Но при ближайшем рассмотрении все эти связи оказываются опосредованными и сложными — тем более что известные аналогии "философии жизни" мы можем найти не только в модерне, но и в некоторых других стилевых системах начала XX века — например, в экспрессионизме. С другой стороны, модерн несет на себе следы соприкосновений с другими философскими концепциями. Последователь фрейдизма найдет отголосок этой концепции в частом обращении живописцев к мотивам сна и ассоциациям сновидений. Все это говорит о многообразии связей, которые осуществлялись в европейской культуре того времени, о своеобразном круговороте идей, представлений, чувствований, рождавших однотипные явления в философии, в науке, в искусстве. Больше того, можно сказать, что в смешении разных концепций и представлений была известная доля эклектизма, с помощью которого культура обретала способ обновлять себя.

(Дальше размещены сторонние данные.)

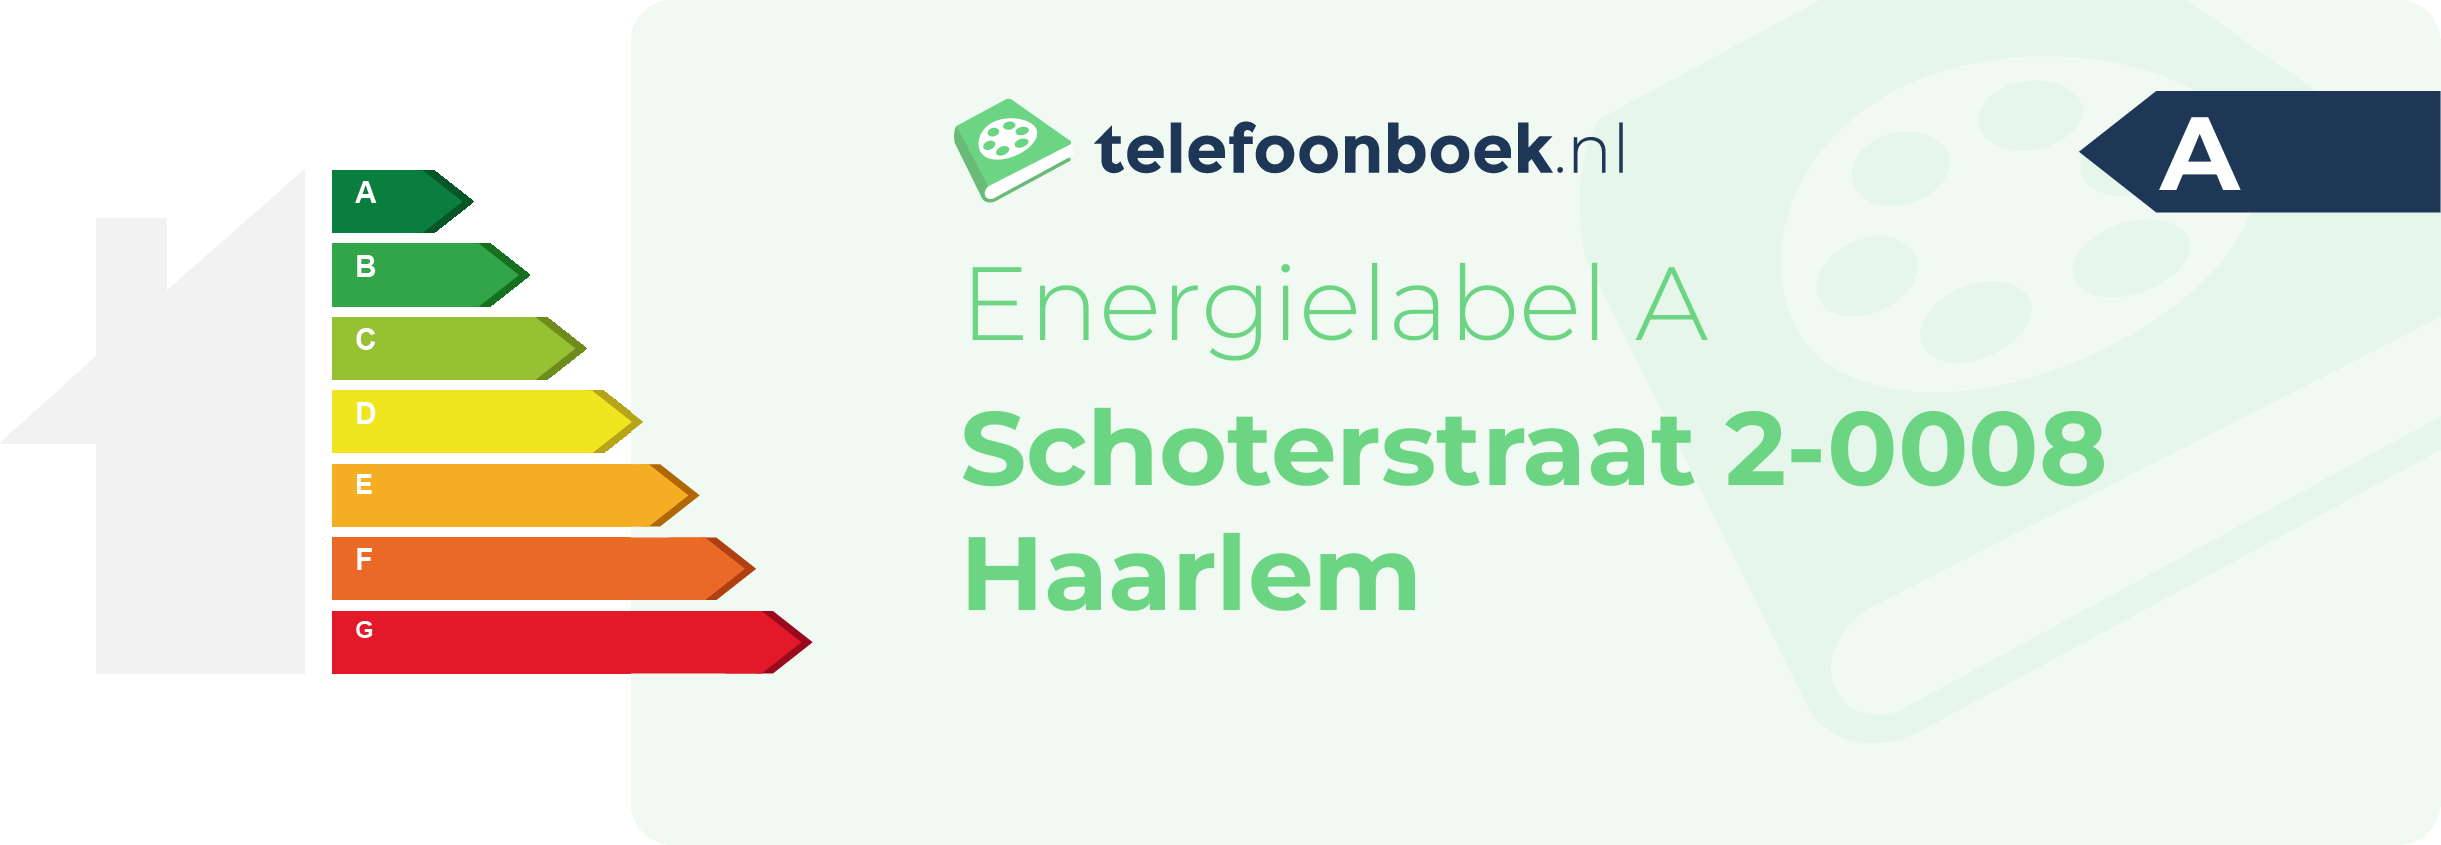 Energielabel Schoterstraat 2-0008 Haarlem

Нечто подобное мы находим и в религиозных представлениях конца XIX — начала XX столетия. XIX век был в целом наиболее безрелигиозным. Он ознаменован ослаблением веры в самых разнообразных кругах общества вера приобретала формальный характер. В конце века наметились тенденции обновления религии, своевольного и причудливого соединения язычества и христианства увлечения буддизмом, теософией и антропософией. Атеистическое отрицание морали у Ницше в конце концов привело его к обновленному язычеству, к представлению о культуре человечества как борьбе или комбинации двух начал — "дионисийского" — буйного, безудержного, хаотического и "аполлонического" — организованного, гармоничного. "Язычество" Ницще оказало сильное воздействие на многих философов и литераторов начала XX столетия.
В Германии Фридрих Линхард в своей книге "Новые идеалы" (1901) говорит о стремлении представителей культуры того времени "соединить в новой форме Крест и Розу. Голгофу и Акрополь". Как бы прямым подтверждением этих слов могла бы явиться картина Макса Клингера "Христос на Олимпе"' (1897), где Христос предстает перед сидящим па троне Зевсом, окруженным другими богами. Здесь сталкиваются, а затем как бы смешиваются язычество и христианство, порождая новый, единый пантеон богов.
Подобный "религиозный эклектизм", царивший на рубеже столетий. был не только свидетельством религиозной непоследовательности или затянувшегося кризиса христианства: он знаменовал стремление общества. миновавшего период рационального позитивизма вновь прикоснуться к иррациональному, непознанному, непознаваемому. Все это не могло не найти отклика в искусстве, в характере его стиля.